WORK ITEM: Only one stretch of the records below should be repeated. It starts with the line containing "Political conflicts distort" and goes on through the line containing "Necklace elongated links", exactly as written.

DATA EXTRACTS:

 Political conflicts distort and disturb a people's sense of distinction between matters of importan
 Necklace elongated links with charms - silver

==

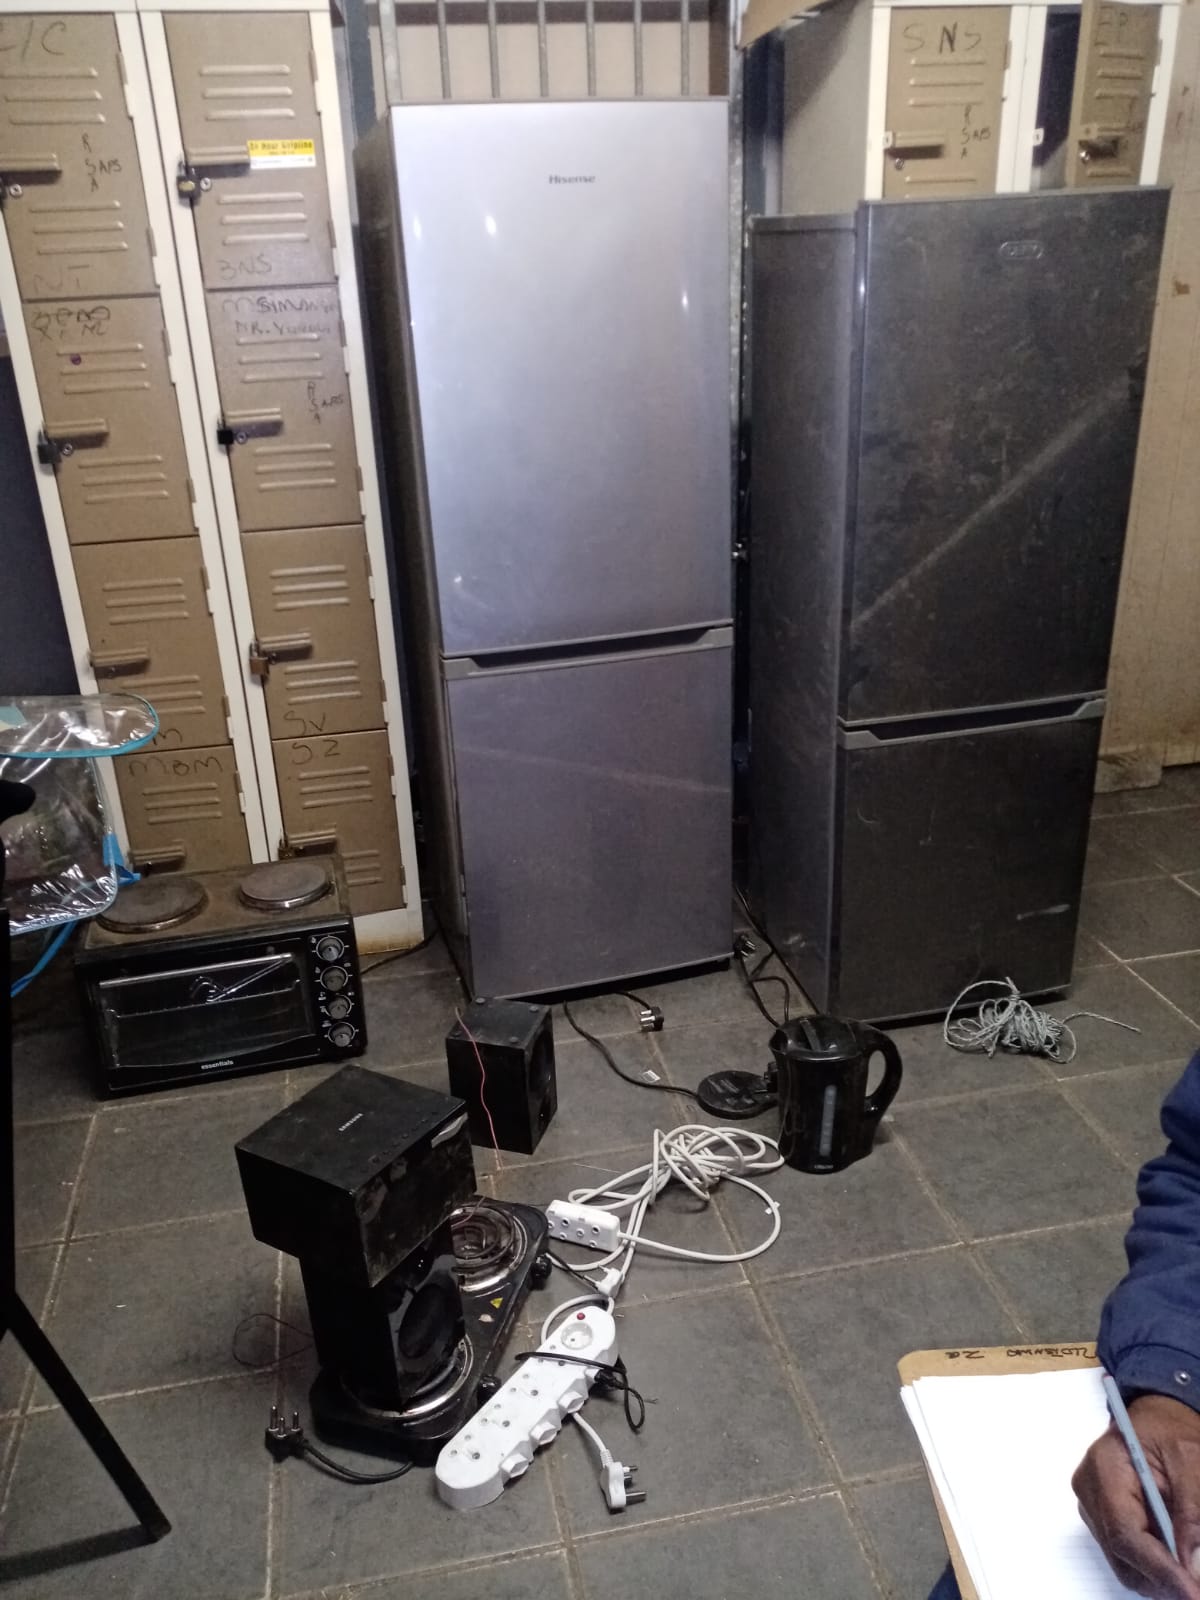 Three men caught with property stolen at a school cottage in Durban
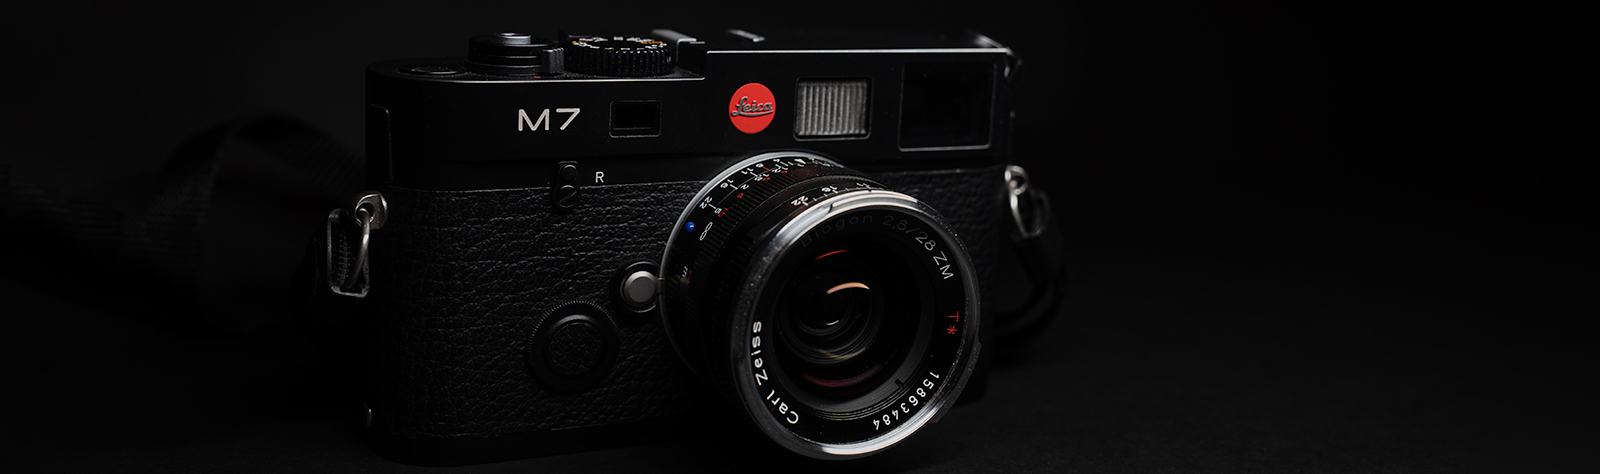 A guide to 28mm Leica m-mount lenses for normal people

SOLVED PROBLEM:
 Political conflicts distort and disturb a people's sense of distinction between matters of importan
 Necklace elongated links with charms - silver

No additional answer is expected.